Сведения о земельных бенефициях в XI—XII вв. немногочисленны, а в ряде случаев не конкретны и не во всем понятны. ”Повесть временных лет” сообщает, что великий князь Изяслав Ярославич пожаловал Печерскую гору новооснованному здесь монастырю [250, с. 492]. Это сообщение помещено под 1051 г., но во вставной новелле, посвященной возникновению Печерской обители. В действительности пожалование приходится на время между 1054 и 1068 гг.; это самое древнее упоминание о монастырском землевладении в древней Руси. При этом, однако, следует подчеркнуть очень важное обстоятельство, на которое до сих пор как-то не обращали внимания. Речь идет не о поле, т.е. не о землях, пригодных для обработки под посевы, а о бросовой территории, предназначенной для непосредственного заселения. Причем только самой территории, без феодально зависимых крестьян.

Нестор в ”Житии Феодосия” неоднократно упоминает села, принадлежащие Печерскому монастырю.
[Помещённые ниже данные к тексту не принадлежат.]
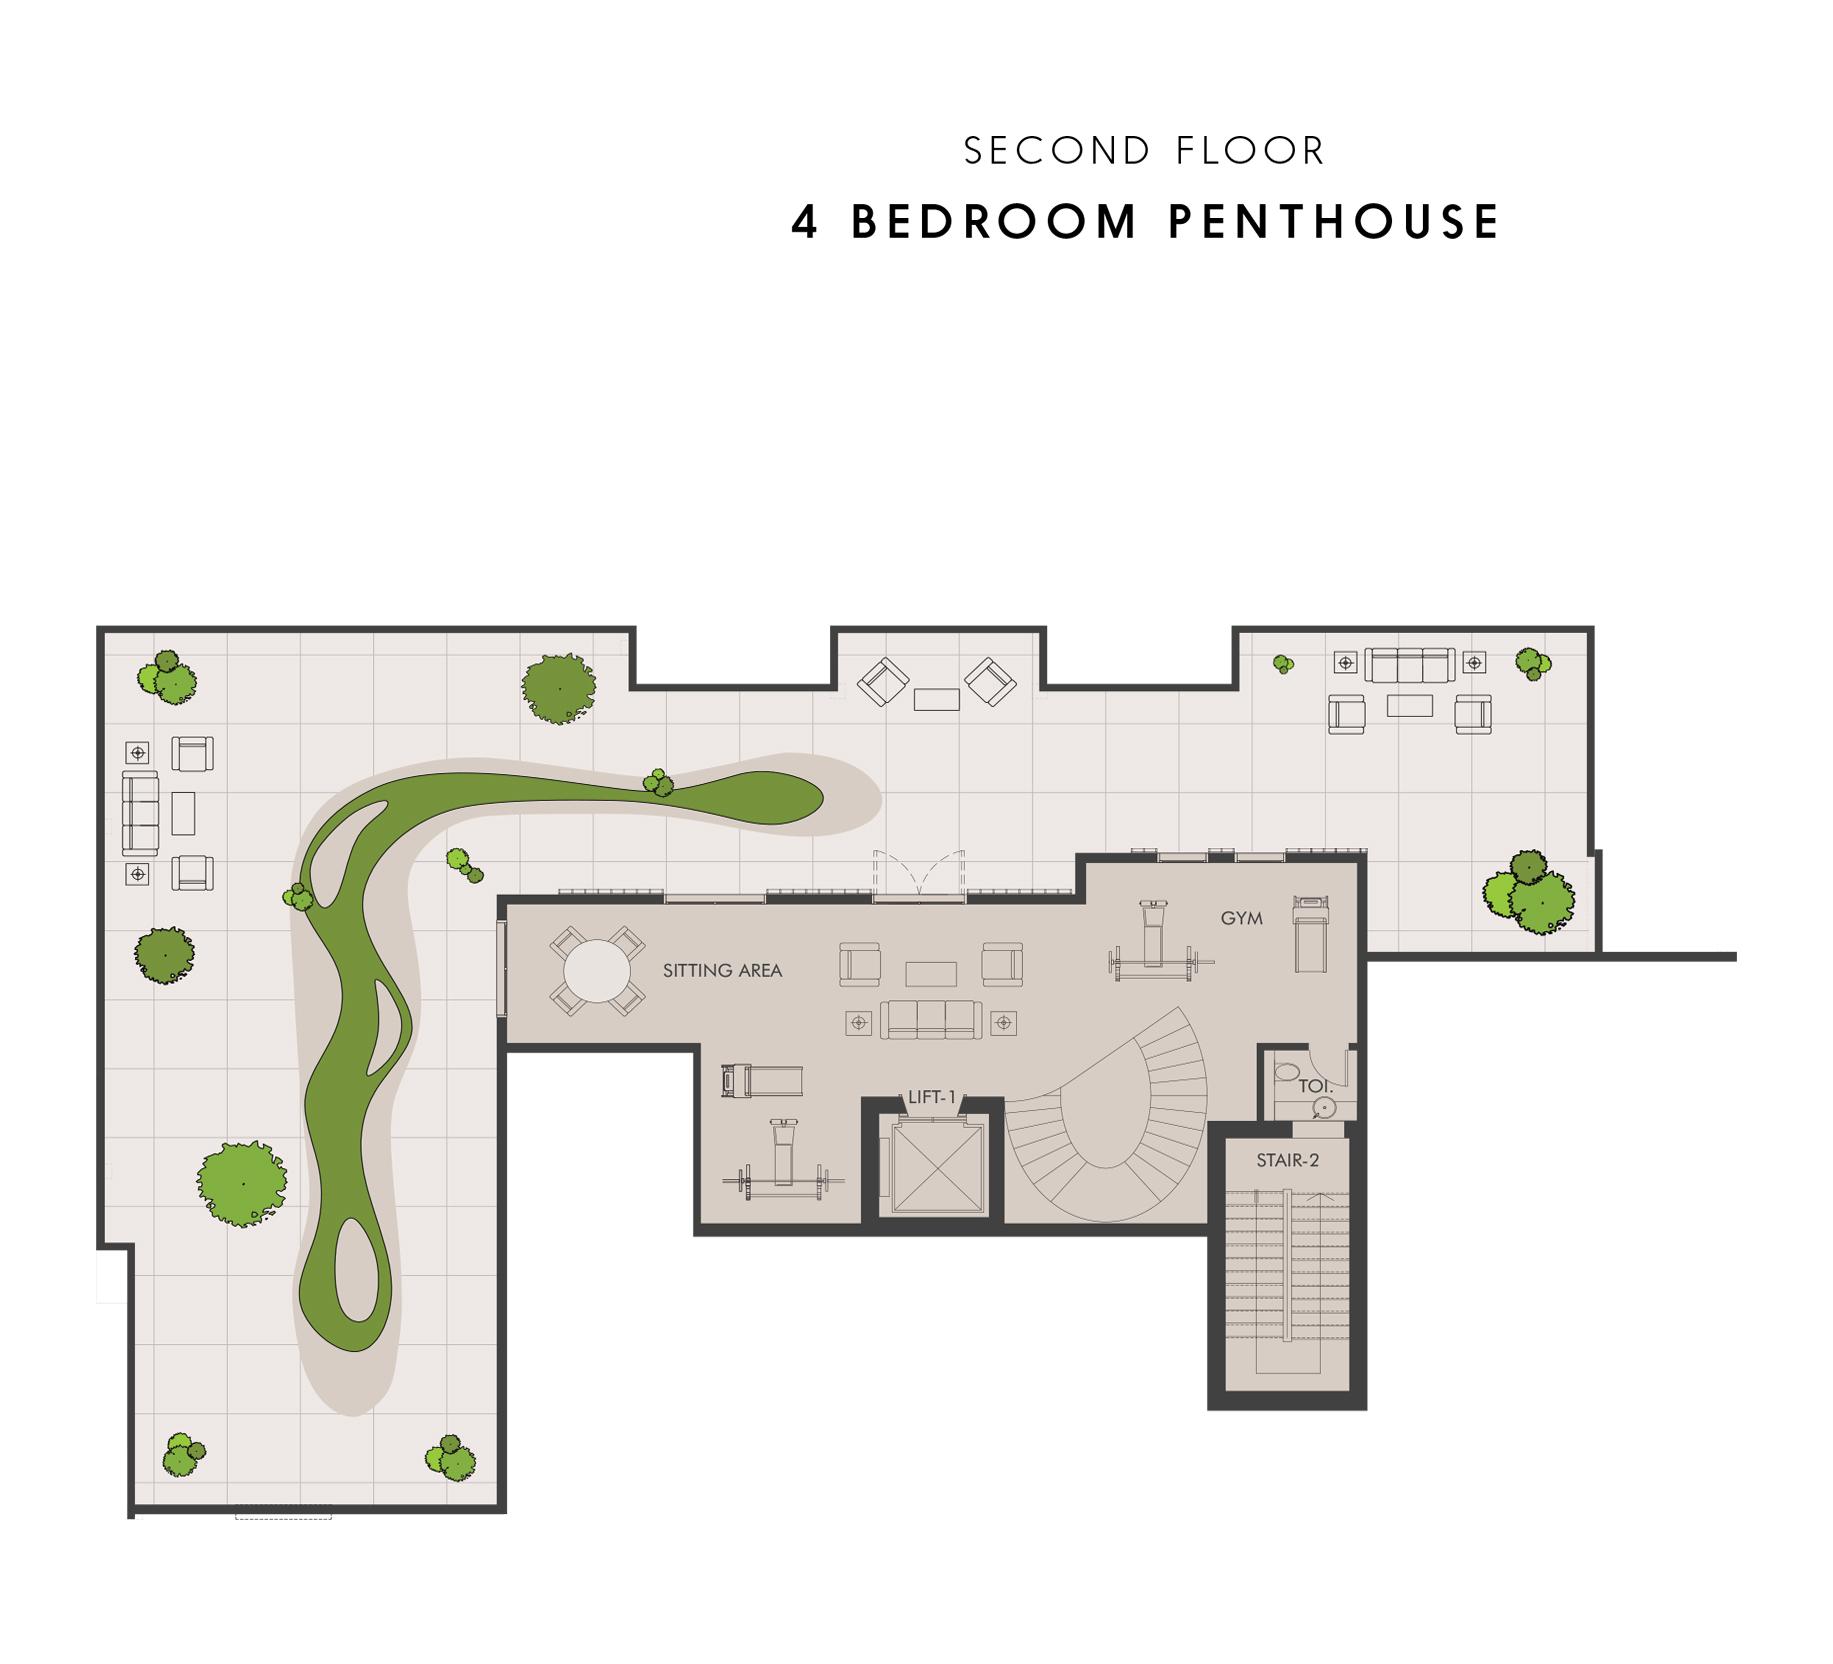 Penthouse - Second Floor

Сведения относятся ко времени до 1074 г. (год смерти Феодосия Печерского) [707, с. 93, 119, 120, 122, 127]. В Ипатьевской летописи находим ретроспективную запись о большом бенефиции Ярополка Изяславича Печерскому монастырю; он отписал ему ”всю жизнь свою” и частные владения в четырех волостях: Небльской, Деревской, Луцкой и в районе Киева [250, с. 492]. Дочь Ярополка Анастасия, жена князя Глеба Всеславича, отписала Печерскому монастырю пять сел с челядью [250, с. 492—493]. В последнем сообщении имеем бесспорный пример феодального землевладения.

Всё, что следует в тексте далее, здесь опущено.